At Wayfair, we use a state-of-the-art deep learning model that predicts the probability of ATC (add to shopping cart) for each product by a customer at a given time. The ATC probabilities of items on a page are used to sort that page in real time. This approach has been very successful for us, but it assumes that the local context of the product doesn’t matter. However, products on the website are almost always shown with neighbors—either above and below in a list, or all around it in a product grid. By optimizing the arrangement of the page as a whole we can jointly improve the customer experience and site performance even further. We can train a model that is sensitive to the properties of a product’s neighbors including price, sale flag saturation, and visual diversity, without any assumptions about the direction of impact.
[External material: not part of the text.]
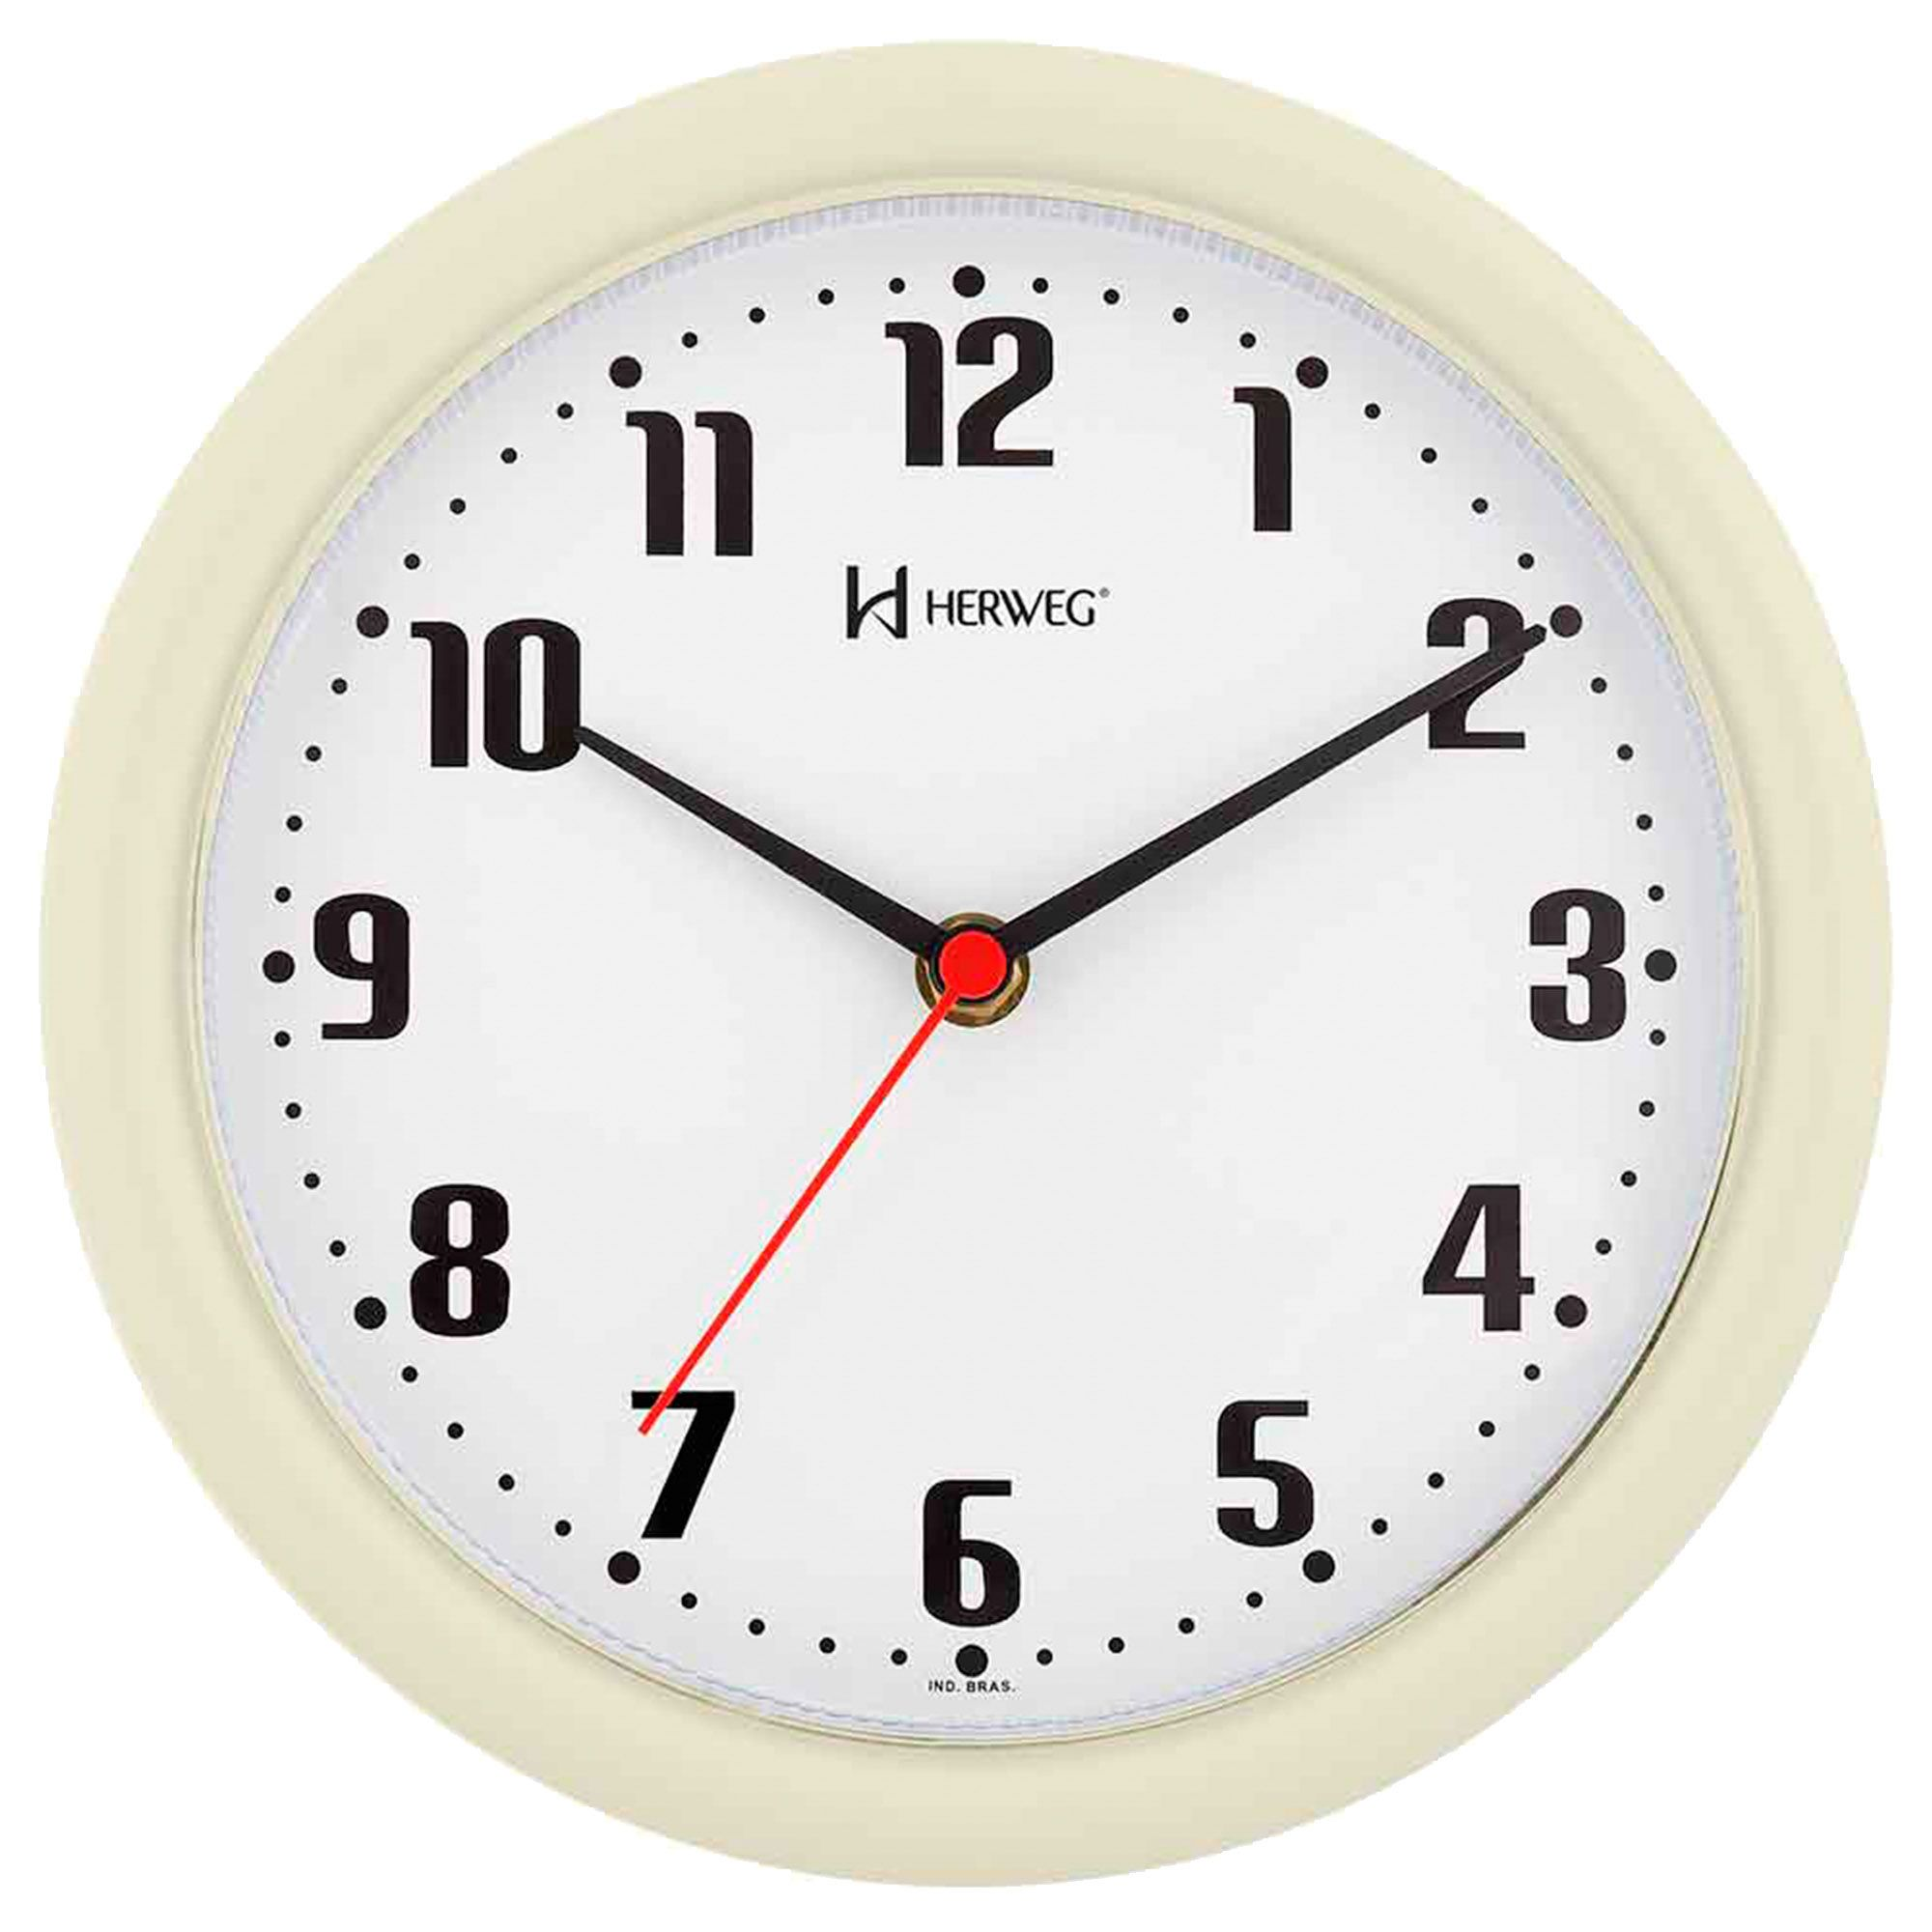 Relógio de Parede Analógico Herweg 6102 032 Marfim

For example, diverse choices might help sales of wall art (where variety would make it easier to to scan a wide assortment of looks), while in the category of kitchen utensils people might prefer to compare similar items (where similarity would make it easier to find the exact right style of kitchen knife, for example).
To accomplish this, we developed a new model—called TopShelf—that acts as an extension to this existing product ranking algorithm, and leverages the juxtaposition of products to make the list or grid as a whole shine. It thinks of browse pages as a series of “shelves,” and uses a predictive model to rearrange items between the top few shelves on the page for maximum appeal. The rest of this article explains how it was developed.
The First Challenge: Defining Context
To train a model for arranging browse pages that is sensitive to local context, we first had to define how that context would be represented, including how far it would reach. Let’s say we defined the context of a sofa on Wayfair’s sofa browse page in terms of the placement of every other couch around it. Given the 16,000 sofas in our catalogue, the number of possible contexts would quickly become unmanageable! Even if we limited the context to the 48 products that could appear on a browse page, that would still leave 1.24 x 1061 possible arrangements—more than the number of atoms that make up the Earth!
While looking for a way to tame the combinatorial explosion of possibilities to evaluate, we noticed that most monitors only show one row of products at a time. Therefore we made the assumption that the most relevant local context in this situation was the products that appear on the same row—or “shelf”—of a product grid, and that the exact order on the shelf was less important Although other, more wide-reaching definitions of context are possible, the need for efficiently recommending lists of products means that we chose the narrowest definition of context that could still capture important the important effects of neighbors.
Scoring a Product in Context
After defining this context, the first step we took towards optimizing the page as a whole was to build a new ranking model to score products, not just for a customer at a certain point in their browsing journey, but also for all the possible contexts in which the product could appear. Of course the training data did not contain every possible context for every product, but there are enough variations in Wayfair’s product grids that we were still able to generalize the effect of a neighbor’s properties.
The training dataset we built for this model contains columns not only for product and customer properties, but also for new features derived from the other two products found on the same shelf. These features include the price of the neighbors, their sale status (did they have a “sale” flag in the corner), and how distant their product images were in a visual embedding space from the images of the target product. Using this dataset, we then trained a deep neural network, just as we do for our regular personalized ranking algorithm.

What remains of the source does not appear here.